La gestion des subventions et l’amélioration du pouvoir d’achat font partie des services personnalisés proposés par Kalidea. Grâce à une interface utilisateur moderne et un tableau de bord accessible, les CSE peuvent piloter : gestion de la billetterie, réductions pour activités et loisirs, et circuit de subvention de façon fluide.
Anticiper et organiser ses droits financiers évite les mauvaises surprises et sécurise la transition.
Contestation du licenciement en arrêt maladie et recours au conseil de prud’hommes
Lorsqu’un doute subsiste sur la validité du licenciement, la contestation devant le conseil de prud’hommes devient incontournable. Les motifs recevables sont :
- Discrimination liée à l’état de santé : licenciement portant sur la maladie ou le handicap (art. L 1132-1).
- Violation de la protection AT/MP : licenciement sans faute grave ou impossibilité de maintien (art. L 1226-9).
- Absence de cause réelle et sérieuse : désorganisation non prouvée, motif économique fictif.
- Vices de procédure : convocation irrégulière, motivation insuffisante, absence de CSE pour motif économique.
La saisine doit intervenir dans l’année suivant la notification du licenciement. Le dossier doit comporter :
- Lettre de licenciement et certificat d’arrêt maladie.

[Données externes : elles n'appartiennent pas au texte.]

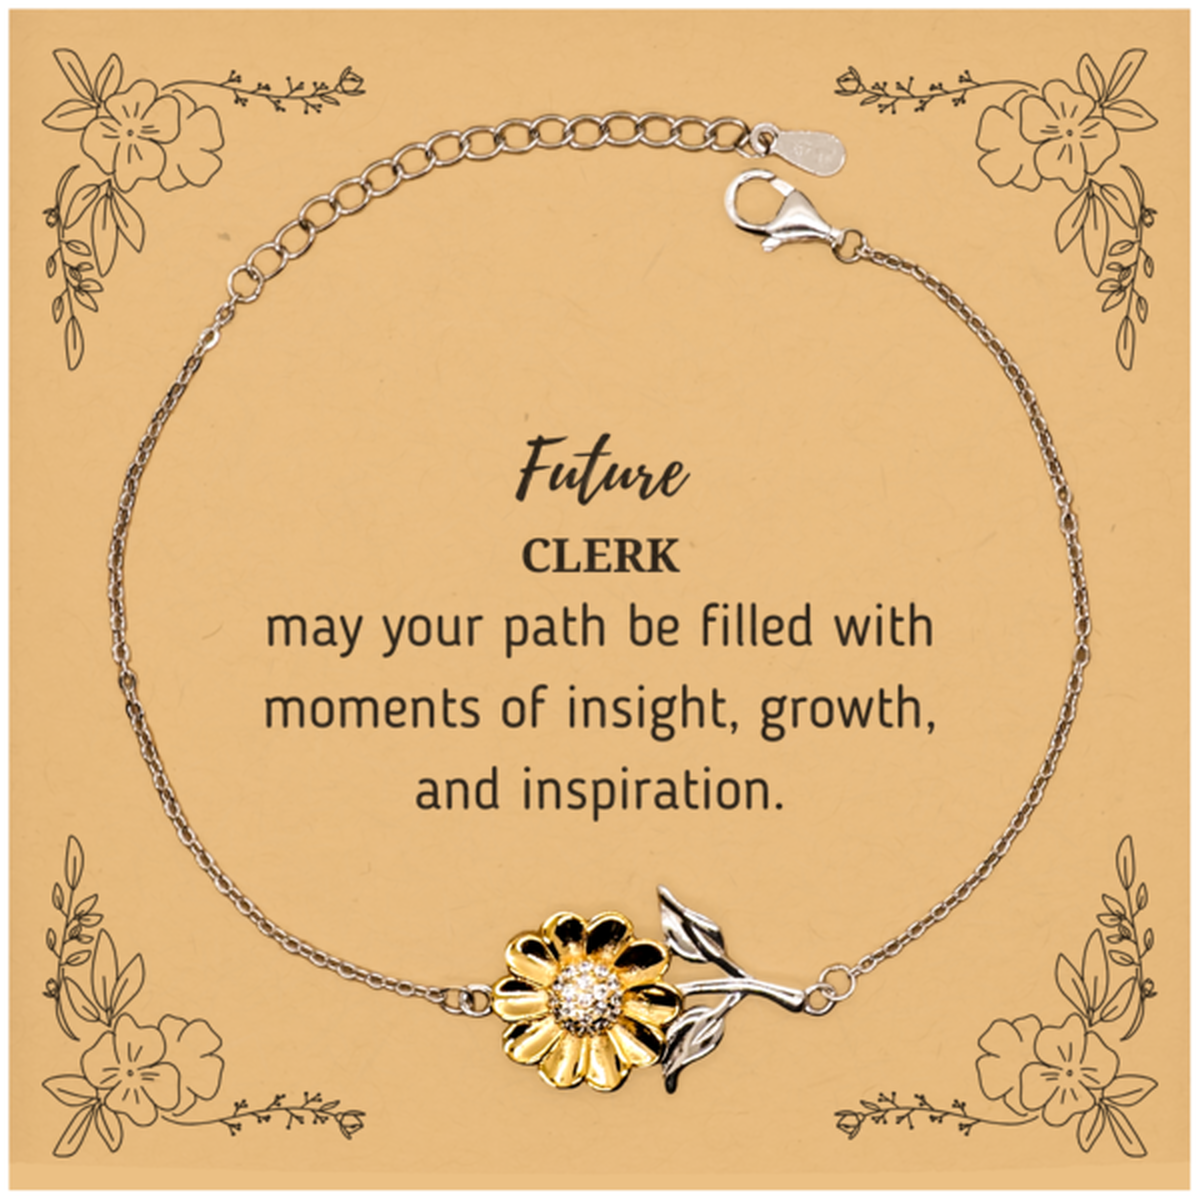 Future Clerk Gifts, May your path be filled with moments of insight, Graduation Gifts for New Clerk, Christmas Unique Sunflower Bracelet For Men, Women, Friends

- Échanges de courriels et comptes-rendus d’entretien.
- Preuves de la discrimination (témoignages, rapports médicaux).
En cas de nullité reconnue, le salarié peut :
- Solliciter réintégration avec maintien des droits passés.

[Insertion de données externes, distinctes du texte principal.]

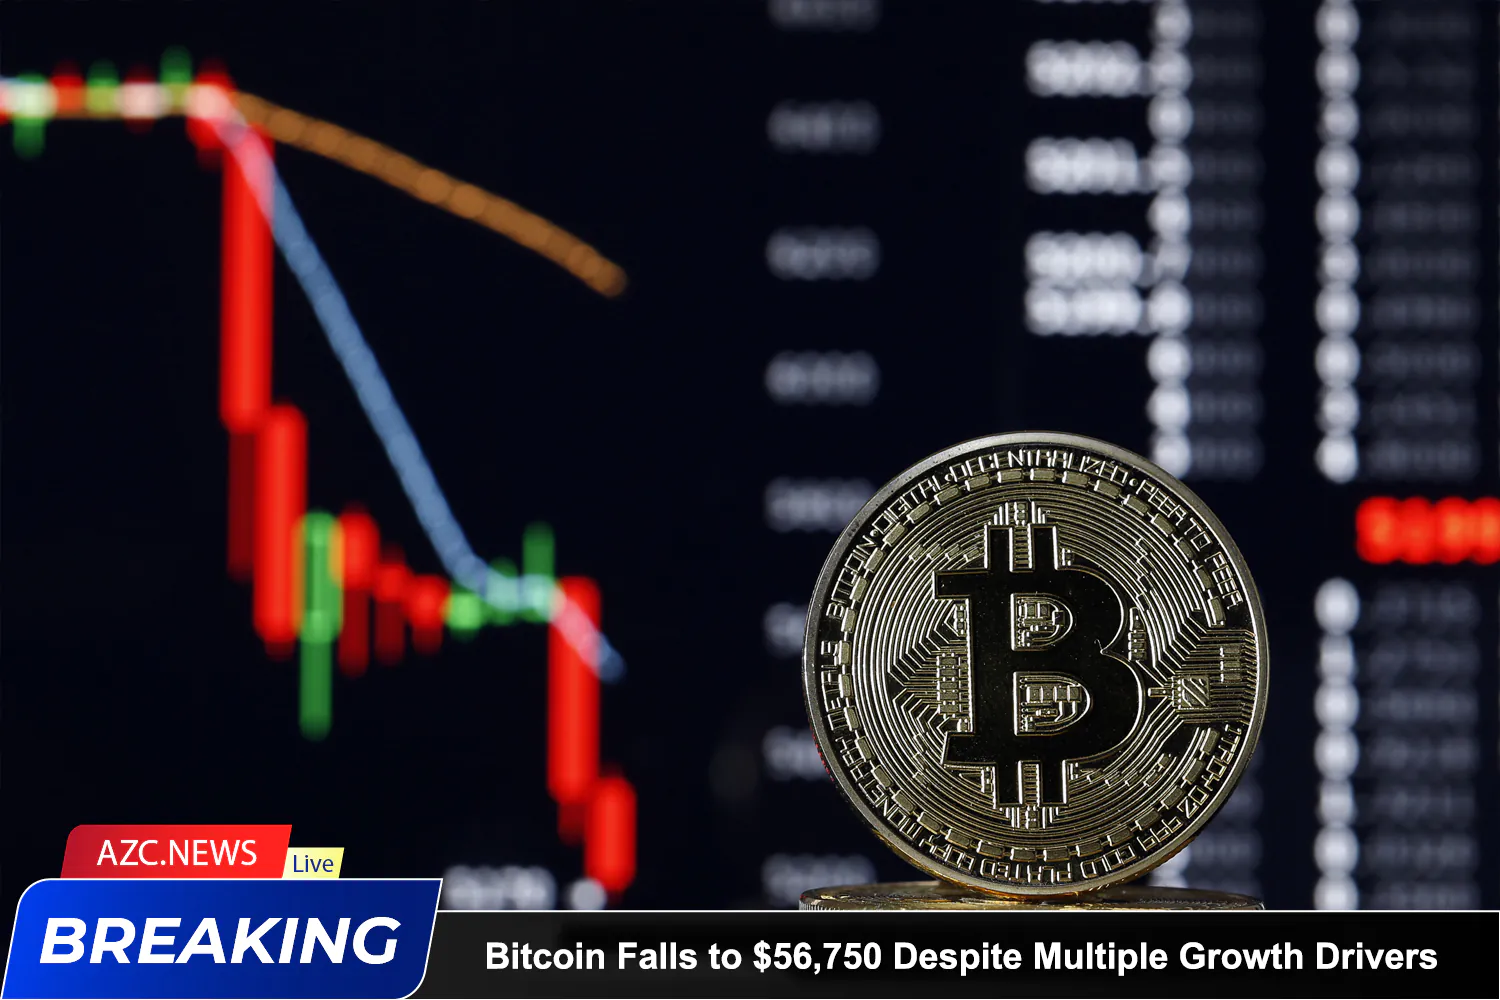 Azcnews Bitcoin Falls To $56,750 Despite Multiple Growth Drivers

- Opter pour indemnité forfaitaire d’au moins six mois de salaire hors barème prud’homal.
- Exiger le remboursement des allocations chômage versées par France Travail (art. L 1235-4).
Une étude de cas : un salarié en arrêt pour burn-out reçoit un licenciement pour « inaptitude » sans avis de la médecine du travail. Le conseil de prud’hommes annule la rupture et condamne l’employeur à verser l’intégralité des salaires et des indemnités, ainsi que le remboursement des IJSS.
Pour renforcer votre argumentation, les outils d’analyse de Kalidea offrent un module de statistiques sur l’évolution du marché des CSE et des partenariats futurs. Le logiciel de gestion et l’application mobile CSE facilitent la collecte de témoignages clients et la préparation de votre dossier.
Contester efficacement, c’est structurer son plaidoyer avec rigueur, preuves et appui de technologies adaptées.
FAQ – salarié licencié pendant un arrêt maladie
- Peut-on licencier un salarié en arrêt maladie ?
Oui, uniquement pour un motif réel et sérieux étranger à l’état de santé (économique, désorganisation, faute grave, inaptitude constatée). - Comment continuer à percevoir les IJSS après licenciement ?
Si l’arrêt maladie n’est pas interrompu, les indemnités journalières se poursuivent jusqu’à guérison, sans formalité particulière (guide pratique). - Quelles indemnités en cas de licenciement pour inaptitude ?
Indemnité spéciale double si inaptitude d’origine professionnelle, indemnité compensatrice de préavis et congés payés. - Comment contester un licenciement discriminatoire ?
Saisir le conseil de prud’hommes dans un an, en fournissant lettre, arrêts de travail et preuves de la discrimination. - Quels outils numériques peuvent aider ?
Les solutions CSE innovantes de Kalidea (UpKonnectCSE, UpBilletterie) offrent suivi, statistiques et communication numérique pour soutenir vos démarches.